From the horse’s mouth
Since the COVID-19 coronavirus plague had us housebound even for work or school, we have ended up using videoconferencing platforms more frequently for work, school and social life. The most popular of these platforms ended up being Zoom which effectively became a generic trademark for multiparty videoconferencing.
But the computer press and consumer-privacy regulators identified that most of these videoconferencing platforms had security and user-privacy / company-confidentiality weaknesses. One of these that has beset Zoom was the lack of end-to-end encryption for multiparty videocalls. This ended up being a key issue due to most of us ending using these platforms more frequently and the increased use of Zoom and similar platforms for medical and legal telexonsultations.
Now Zoom, as part of its recent Zoomtopia feature-launch multiparty videoconference, has launched a number of new features for their platform. These include virtual participant layouts similar to what Microsoft Teams is offering.
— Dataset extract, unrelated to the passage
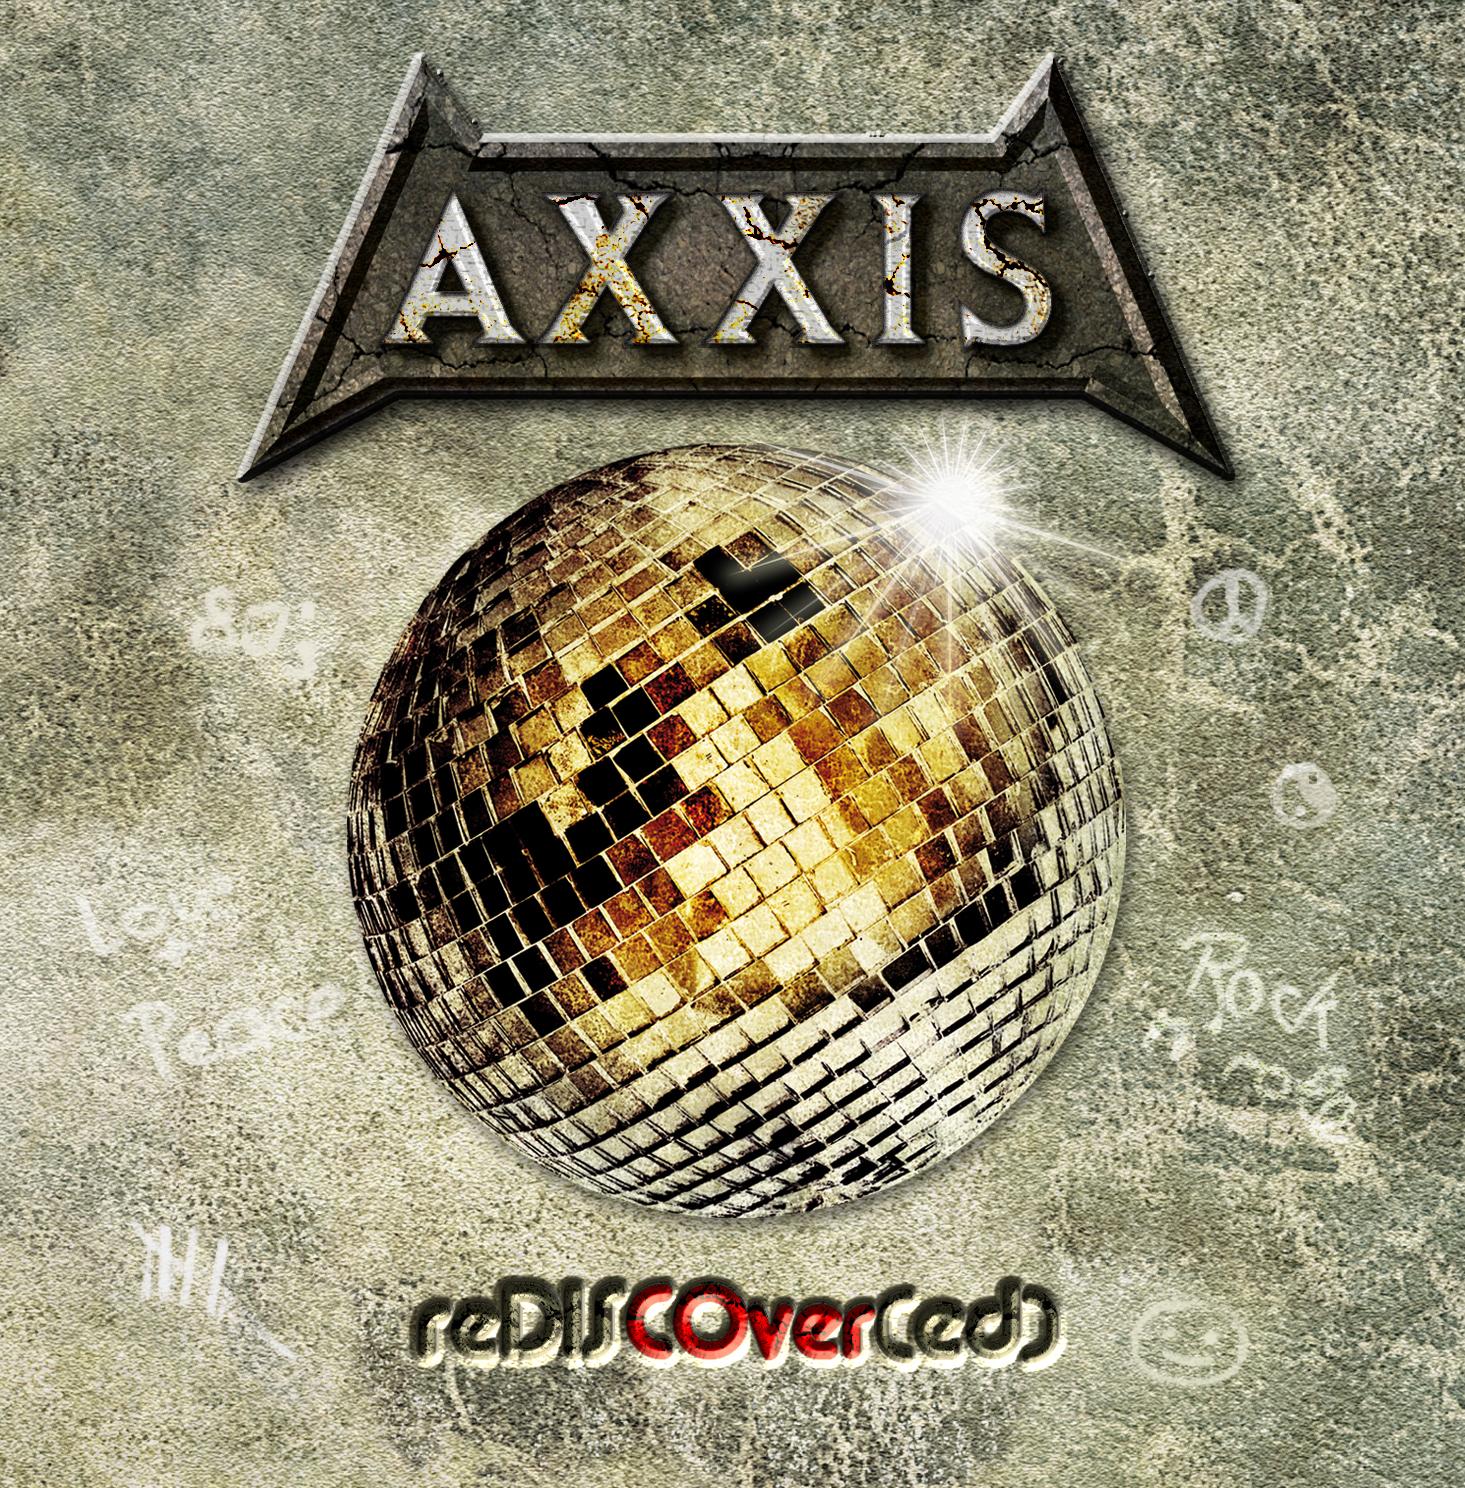 http://2.bp.blogspot.com/-S5XW4_mOSrw/T7ofdrcpJ3I/AAAAAAAAA3s/kXAXUNbOCII/s1600/Axxis_reDISCOvered_COVER.jpg
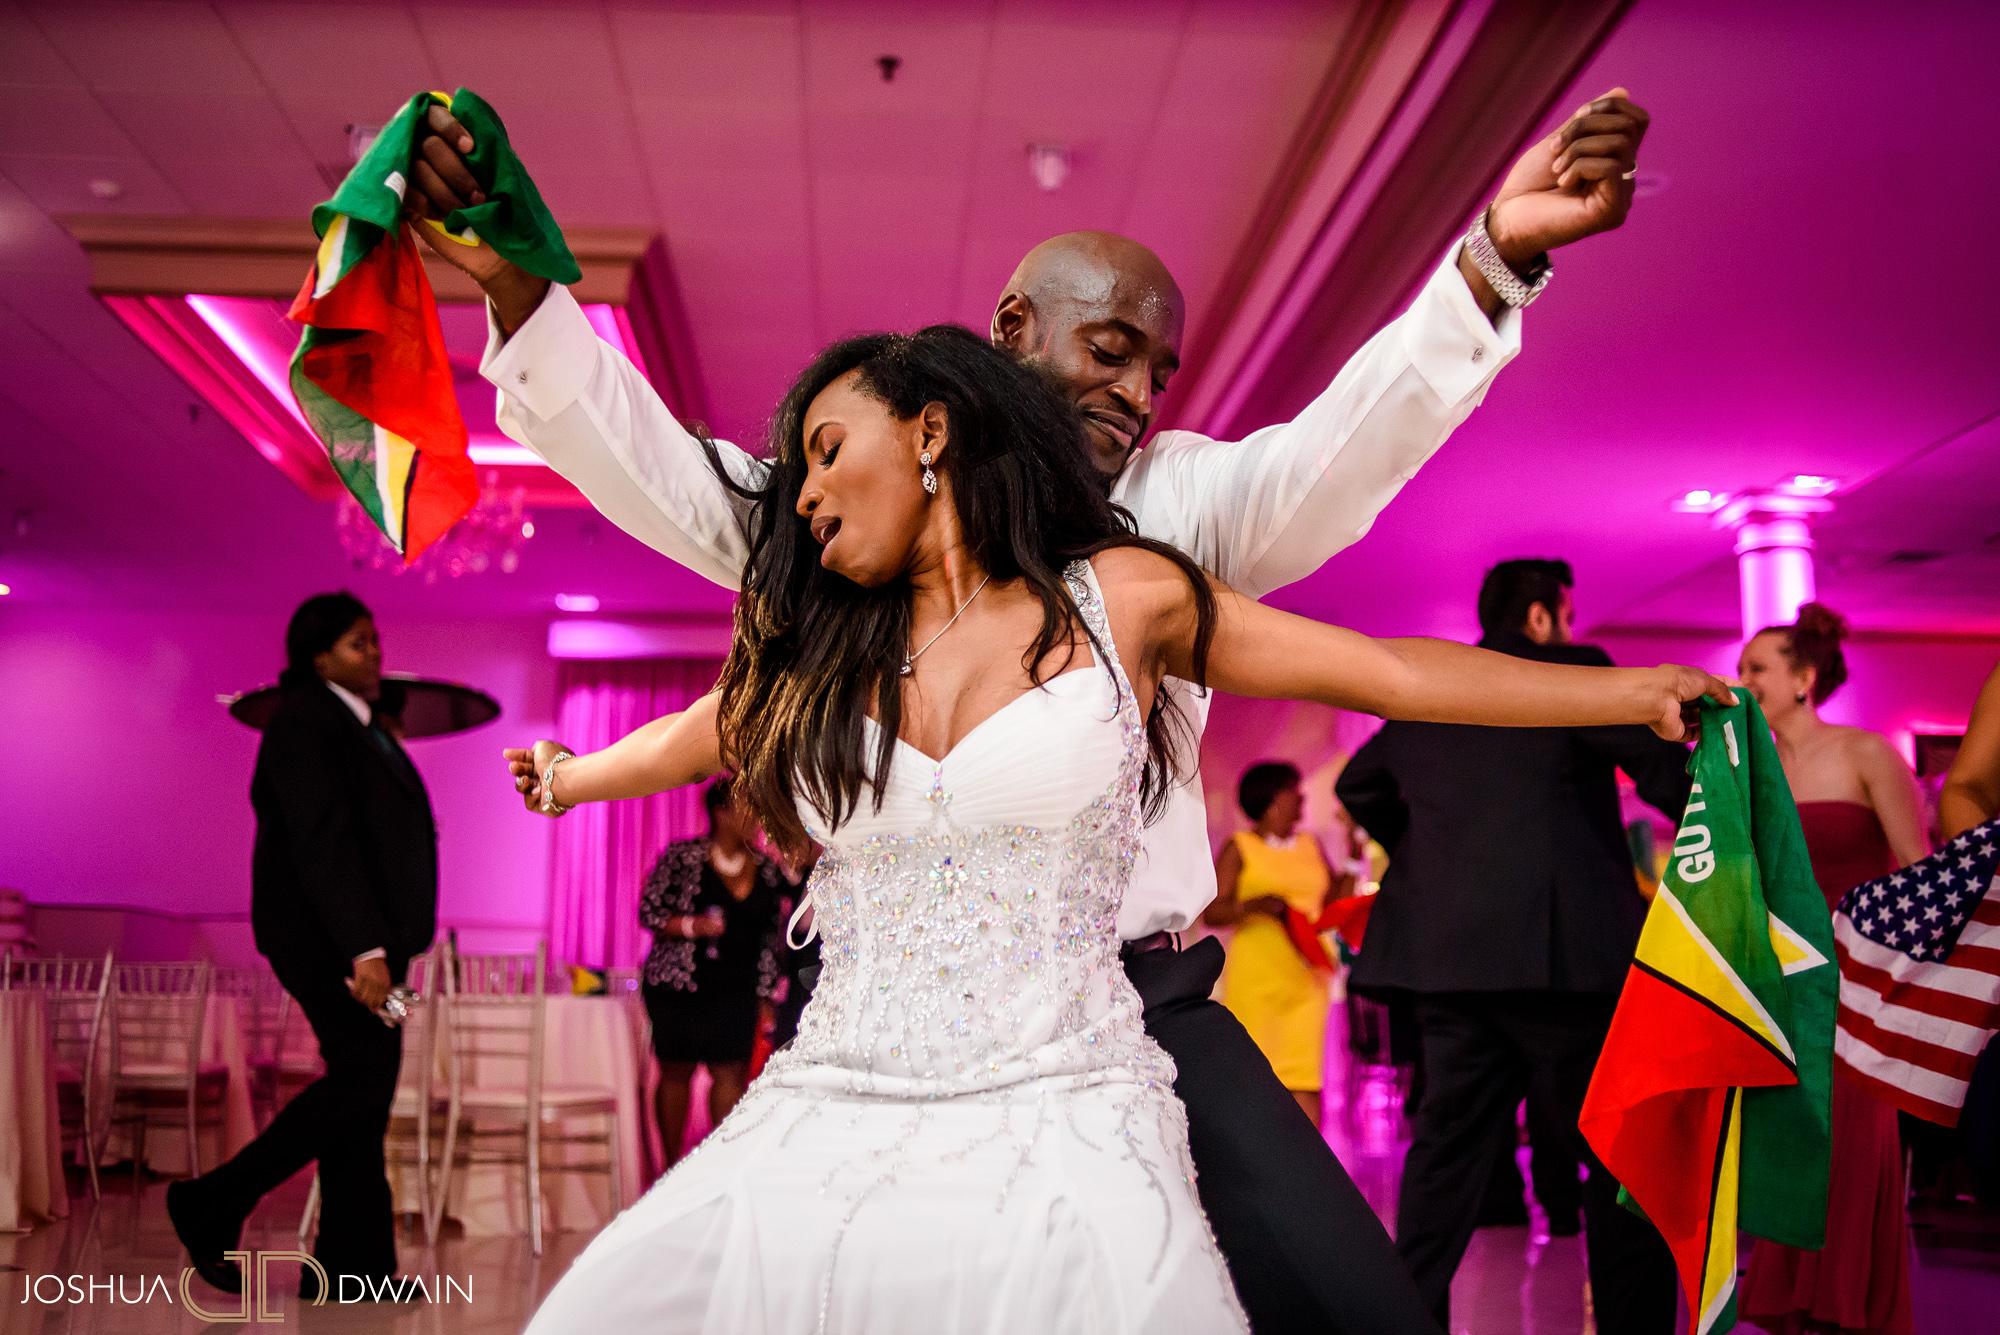 victorious-events-nyc-035-alana-vibert-greentree-country-club-wedding-joshua-dwain.jpg

But the important one here is to facilitate end-to-end encryption during multiparty videoconferences. This will be available across all of Zoom’s user base, whether free or paid. For the first 30 days from next week, it will be a technical preview so they can know of any bugs in the system.
The end-to-end encryption is based around the meeting host rather than Zoom generating the keypairs for the encryption protocol, which would occur as a videoconference is started and as users come on board. It is a feature that Zoom end-users would need to enable at account level and also activate for each meeting they wish to keep secure. That is different from WhatsApp where end-to-end encryption occurs by default and in a hands-off manner.
At the moment, updated native Zoom clients will support the end-to-end encryption – you won’t have support for it on Zoom Web experiences or third-party devices and services that work with Zoom like the smart displays or Facebook’s Portal TV videophone. This situation will be revised as Zoom releases newer APIs and software that answers thsi need.
If a meeting is operating with end-to-end encryption, there will be a green shield with a lock symbol in the upper left corner to indicate that this is the case. They can click on the icon to bring up a verification code and have that confirmed by the meeting host reading it out loud.
Free users will be required to use SMS-based verification when they set up their account for end-to-end encryption. This is a similar user experience to what a lot of online services are doing where there is a mobile phone number as a second factor of authenticity.
At least Zoom is taking steps towards making its multiparty videoconference platform more safe and secure for everyone.